- The grid operator for most of Texas is continuing to see strong growth in peak demand, but should be able to keep the lights on next summer amid an improved reserve margin fueled by new renewable and gas-fired resources and improved wind capacity accounting.
- The Electric Reliability Council of Texas (ERCOT) went into the 2019 summer with a reserve margin of 8.6% and at times was forced to rely on demand response resources to maintain reliability. New generation means the planning reserve margin for summer 2020 is expected to improve to 10.6%.
- ERCOT is forecasting peak demand of 76,696 MW, driven by the growth of industrial facilities in West Texas and on the coast. The current system-wide peak demand record of 74,820 MW was set during a heat wave this August.
Texas went into last summer with a thin reserve margin but expectations that it would rise quickly. That scenario is playing out, officials said Thursday.
ERCOT released its Capacity, Demand and Reserves (CDR) report, including planning reserve margins for the next five years. The report shows, based on preliminary data from generation owners, that new capacity additions from planned projects for summer 2020 total 7,633 MW.
The grid operator says its interconnection queue shows the majority of new generation projects are renewable and small, flexible gas-fired resources.
The CDR report tallies all operational and planned resource capacity, and provides annual projections of ERCOT’s planning reserve margins for the summer and winter seasons.
But there have been project cancellations and delays as well.
Since the May 2019 CDR report, two gas-fired plants totaling 1,227 MW have been canceled, and eight solar projects with a 1,056 MW capacity contribution have been delayed. But in the same timeframe ERCOT approved 1,058 MW of installed capacity for commercial operations, and a total of 4,654 MW of installed capacity became eligible for inclusion in the CDR.
Not all of the changes to the CDR come from adding or canceling resources. ERCOT has also been working to more efficiently capture the value of resources already in place.
Peter Warnken, ERCOT's manager of resource adequacy, said the grid operator has approved new rules for how wind peak capacity contributions are counted. And it created a separate Texas panhandle zone "to capture the higher availability of those resources," he said during a call with journalists to discuss the report.
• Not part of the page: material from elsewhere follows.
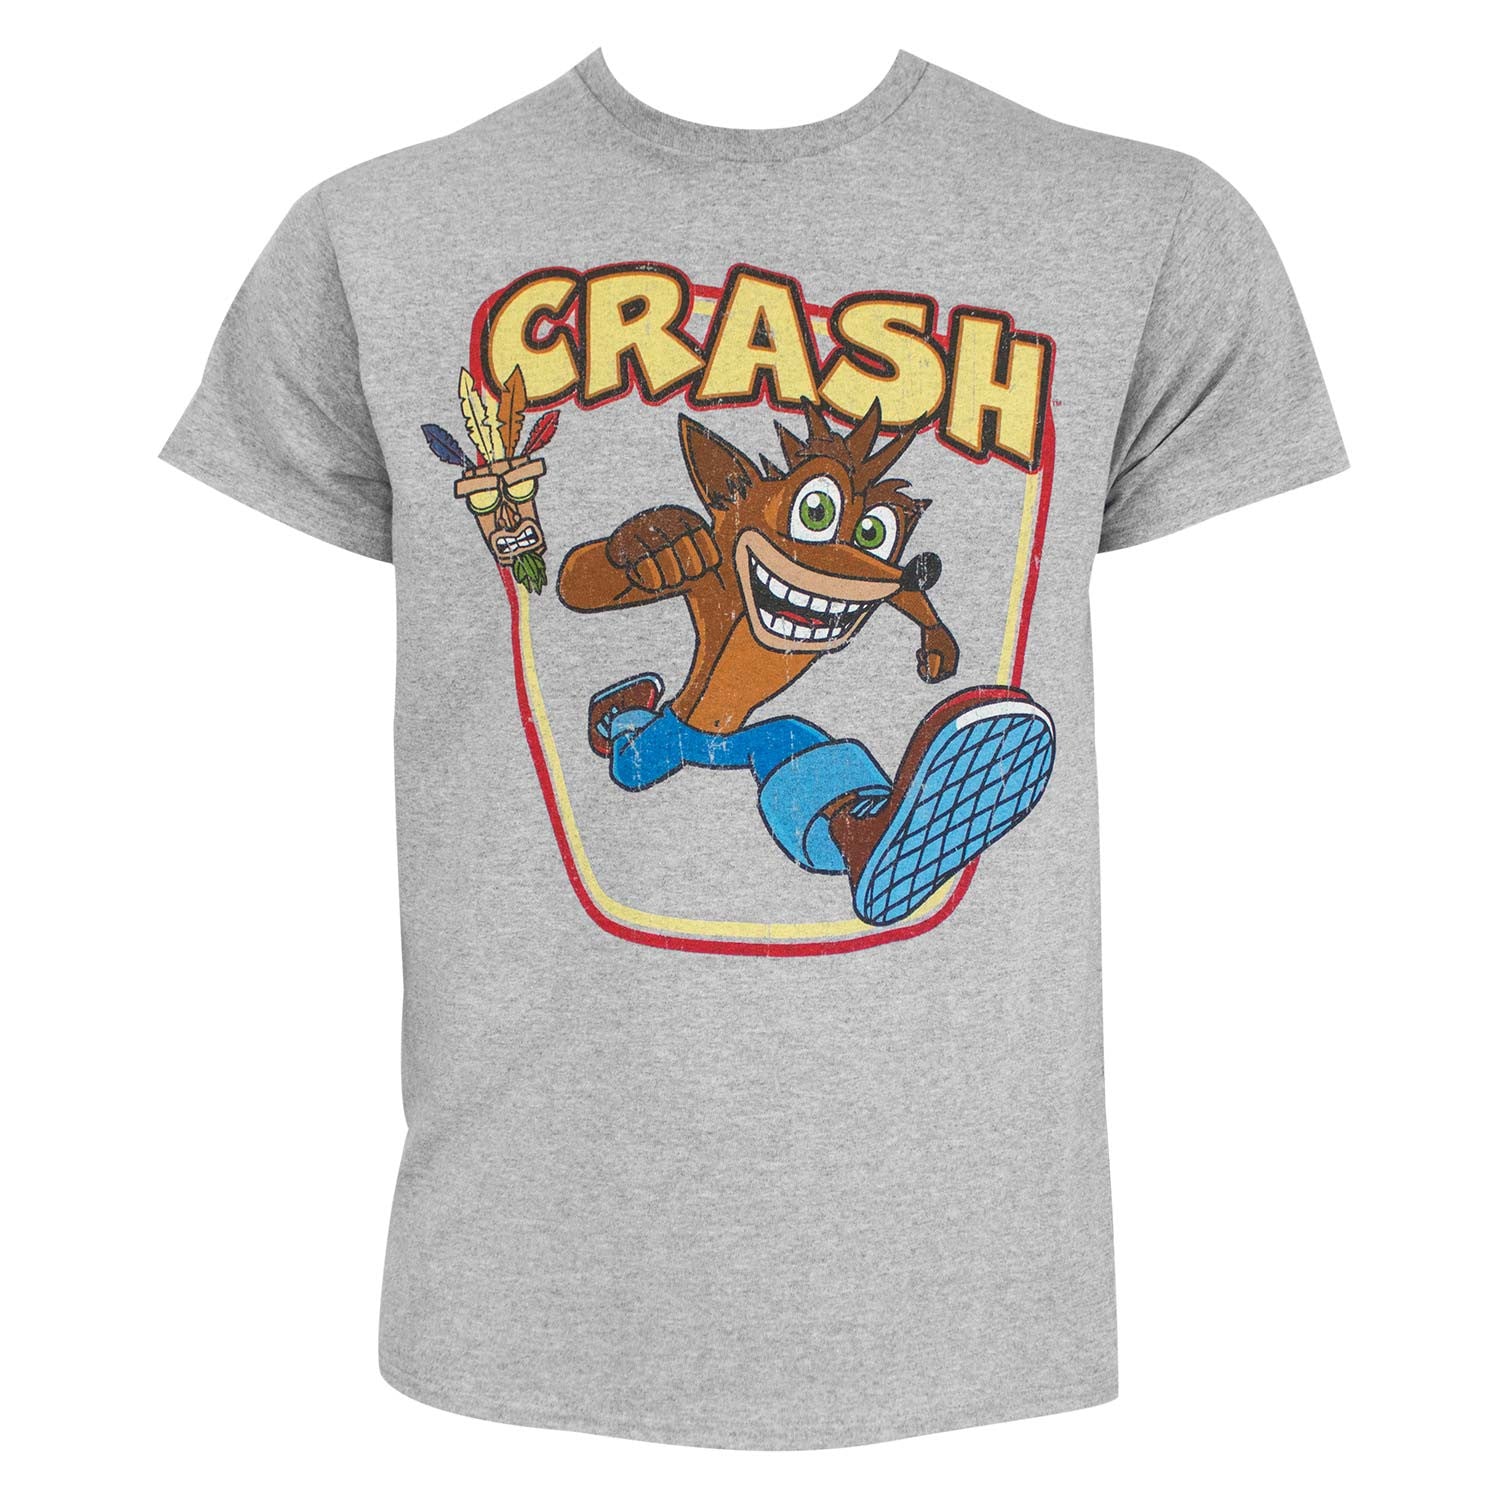 Crash Bandicoot Aku-Aku Grey Tee Shirt

"It is a complicated situation," he said, accounting for new methodologies and rules alongside new projects, delays, cancellations and changes to capacity ratings.
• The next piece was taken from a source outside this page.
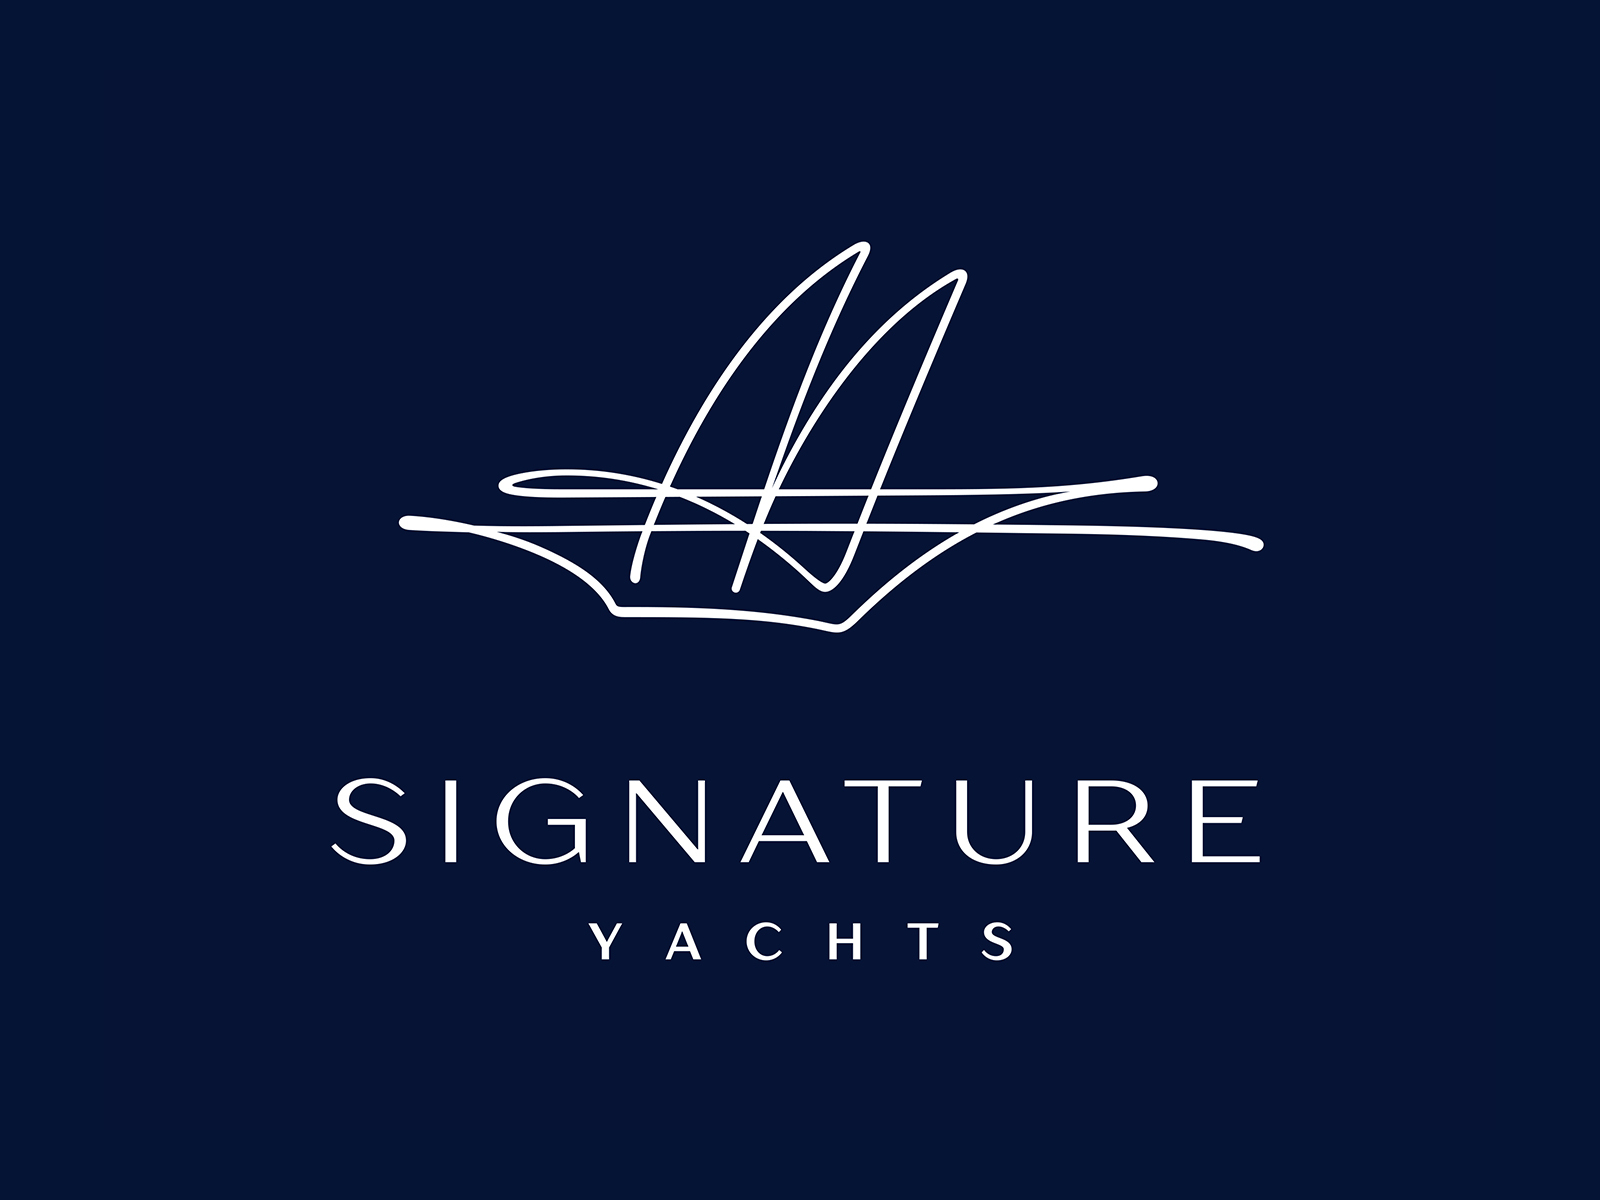 yacht logo images

The eight delayed solar projects have now been pushed to 2021, meaning ERCOT's reserve margin should be even more comfortable than previously expected. The December CDR anticipates an 18.2% reserve margin for summer 2021, compared with the 15.2% it estimated in its May report.
In the future, ERCOT could get a boost to its peak capacity resources from energy storage. But for now, there is very little included in the report because it is not sufficiently long duration to meet peak capacity, according to Warnken.
"Most batteries on the system don't have a sustained capability, so by default we give them almost zero" capacity contribution, Warnken said. More information is needed "to assign reasonable capacity contributions."
New rules could be coming out next year, he said.
The grid operator established a Battery Energy Storage Task Force this year to identify issues surrounding integration of the resources, and is currently developing new procedures to address things like technical requirements, modeling needs and rules for incorporating batteries.
ERCOT's next Seasonal Assessment of Resource Adequacy will be released in March 2020, and the mid-year CDR report will be released in May 2020.